Başbakan Yardımcısı Numan Kurtulmuş, Kutlu Doğum Haftası’nın Hicrî Takvime endeksleyeceğini açıklayarak “Mevlîd unutturulacak mı” endişesi taşıyan Müslümanları rahatlattı.
Bu hassasiyet için teşekkür ediyoruz.
Bu değişikliği teşvik edenlerden biri olarak, bir hususu da paylaşarak vebalden kurtulmak istiyorum.
Kutlu Doğumun Hicri takvime göre icra edilmesini isteyen diğer bazı dostların “Bizim, Kutlu Doğum'un içeriği ile bir problemimiz yok” ifadesine ben katılmıyorum.
Bazı yanlışlar aynen aktarılırsa, ilerleyen süreçte Mevlîd-i Şerif ile bütünleşmesi anlamına gelir ki, şimdiye kadarki “alternatif” görüntüden çok daha sakıncalı olur.
Bir kere “Mevlîd” ile mevcut “Kutlu Doğum” anlayışı arasındaki en önemli fark şudur:
Bu doğumu “kutlu” kılan şey, doğum esnasında vuku bulan ve peygamberlik dönemine kadar da devam eden nübüvvet müjdecisi olağanüstü hallerdir.
Yani, Kutlu Doğum Haftasında sık kullanılan “insan olarak” vurgularıyla, Peygamberimizi sıradanlaştırarak, Dinler Arası Diyaloga destek vermekten kaçınılmalıdır.
Oysa peygamberlerin “İsmet” sıfatı vardır, yani günah işlemezler, yani hiçbiri bizim gibi “normal” insan değildir.
En çok FETÖ “kutluladı”
Mesela, FETÖ’nün ileri gelen tahrifatçılarından Reşit Haylamaz’ın, peygamber efendimizi sıradanlaştırarak, “Dinler Arası Diyalog” saçmalıklarına hizmeti amaçlayan; şeytanî bilgilerle dolu kitaplarından milyonlarcası Kutlu Doğumlarda dağıtıldı.
Bu sapığın, 2013 yılında Eskişehir Müftülüğü, Milli Eğitim Müdürlüğü ve FETÖ’cü dernekler tarafından düzenlenen kitap okuma yarışması için dağıtılan “Gönül Tahtımızın Eşsiz Sultanı Efendimiz” kitabının 252. sayfasında “O’nun hedefi, Kelime-i Tevhidin ikinci yarısını söylemekten kaçınarak La ilahe illallah diyen herkesi buraya getirmekti.
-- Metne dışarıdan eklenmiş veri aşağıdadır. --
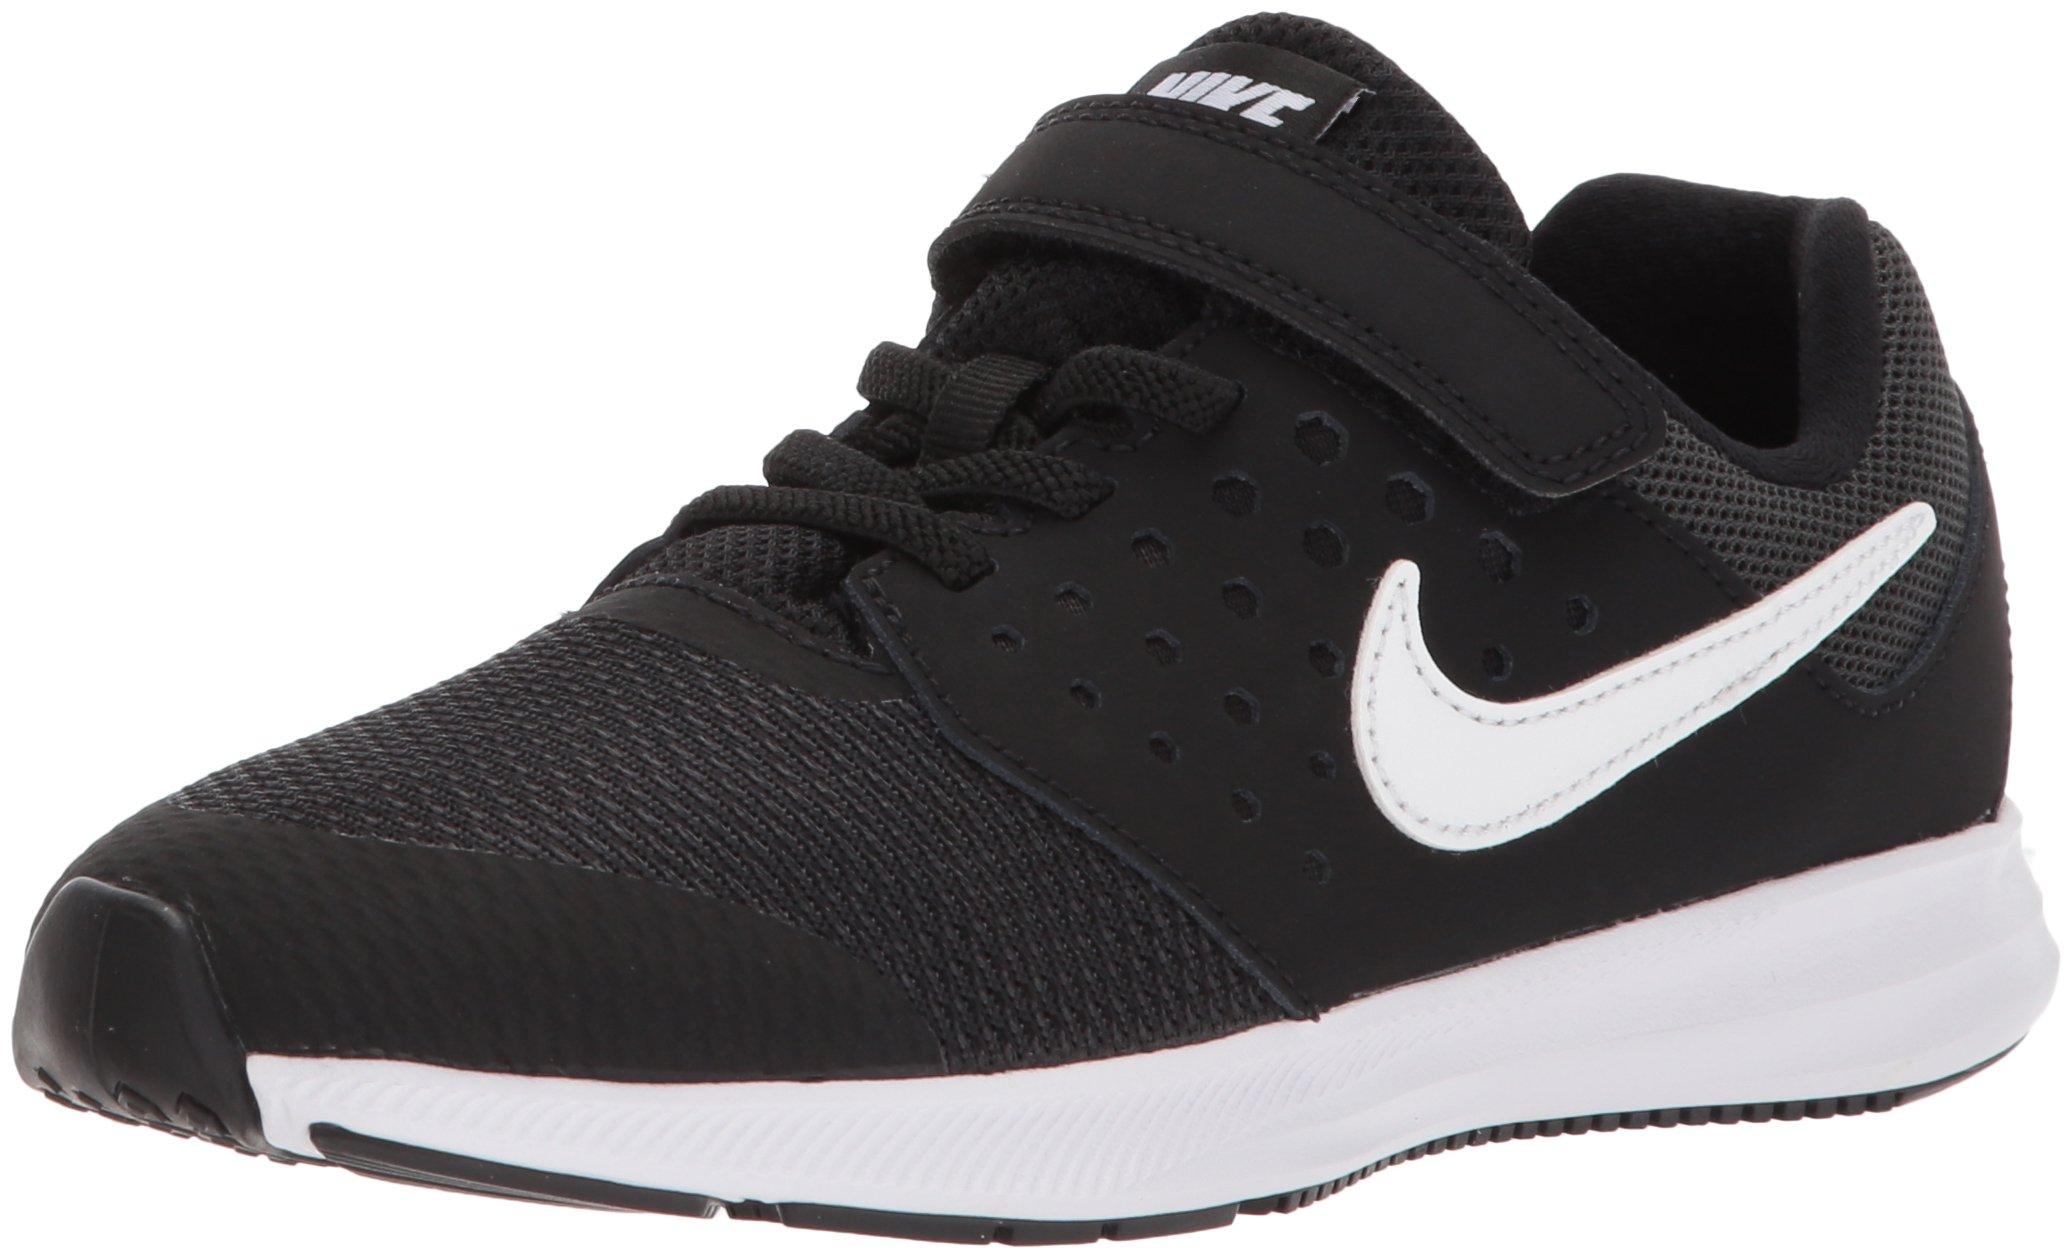 Nike Boys' Downshifter 7 (PSV) Running Shoe, Black/White-Anthracite, 3 M US Little Kid

Çünkü o, ‘Kim La ilahe illallah derse Cennete girer’ buyuracaktı” gibi, insanı; iman dairesinin dışına iten ifadelerle dolu.
Kutlu Doğum, Mevlîd-i Nebevi haftasında da böyle cereyan edecekse bu tarih değişikliği ne işe yarayacak? Yanlış, Hicri takvime göre de yanlıştır.
***
Ayrıca, kadın erkek karma korolarla, Jackson konserleriyle, rockçı imamlarla, pop starlarla idrak edilen bir “Kutlu Doğum”un, Mevlid ruhuna ne derece uygun olduğunu irdelemek asıl Diyanet’in görevidir.
Diyanet dezenfekte edilmeli
Cumhurbaşkanlığından bile hâlâ temizlenmeye çalışılan FETÖ’nün, Diyanet’te hiç kalmadığını ve faaliyetlere yansımadığını kimse iddia edemez.
Nitekim Diyanet Dergisi’nin bazı sayılarında rastlanan “Kuransal çehreyi; Peygambere saygı ve hürmet ile örttüler. Kuranı getirmiş olmak, Peygambere yeterli bir şereftir. O’na yeni nitelikler vermek, mucizelerinden, sıfatlarından bahsetmek mitoloji ve cürettir” gibi ifadeler, Dinler Arası Diyalogun Diyanet’te ne kadar etkili olduğunu ortaya koymaktadır.
Vatikan’ın emrindeki batının, Türkiye’ye olan öfkesinin asıl sebebi, İslamiyet’i yozlaştırmak için FETÖ’ye ihale ettikleri Dinler Arası Diyalogu çökertmemizdir.
Nitekim bir “Haçlı Projesi” olan Dinler Arası Diyalogu devam ettirmek için Mısır’da yeni bir “Fetullah Gülen” buldular. Papa dün Mısır’a giderek kendisi ile görüşmüş ve İslamiyet’i imha planının ikinci startını vermiştir.
Onun için diyoruz ki, bu bir milat olmalı, Diyanet bir temizlik kampanyası başlatarak FETÖ ve diğer unsurlar tarafından sokuşturulan bütün bidatleri kararlılıkla ayıklayarak Müslümanların güvenini tazelemelidir.
Camiler kiliseye benzetiliyor
Mesela Diyanet’in, “Sandalye ile namaz olmaz, kaldırın” talimatlarına rağmen bu bidat tırmanarak devam etmektedir.
Bu da Dinler Arası Diyaloga destektir. Bazı camilerin arka bölümleri, “özenle hazırlanmış” sabit sıra ve sandalyelerle adeta kiliseye benzetilmiştir.
İslamiyet her türlü insanî durum için çözüm üretmiştir ve bu yapılanlar İslamî bir çözüm değildir.
Amaç gerçekten ibadet yapmaksa makbul olan bu yapılanlar değildir.
Hakeza, camilerimizin birer festival alanına çevrilmemesi, ezanın usulüne uygun okunması gibi hususlarda da Diyanet’in etkin ve kararlı uygulamalarını bekliyoruz.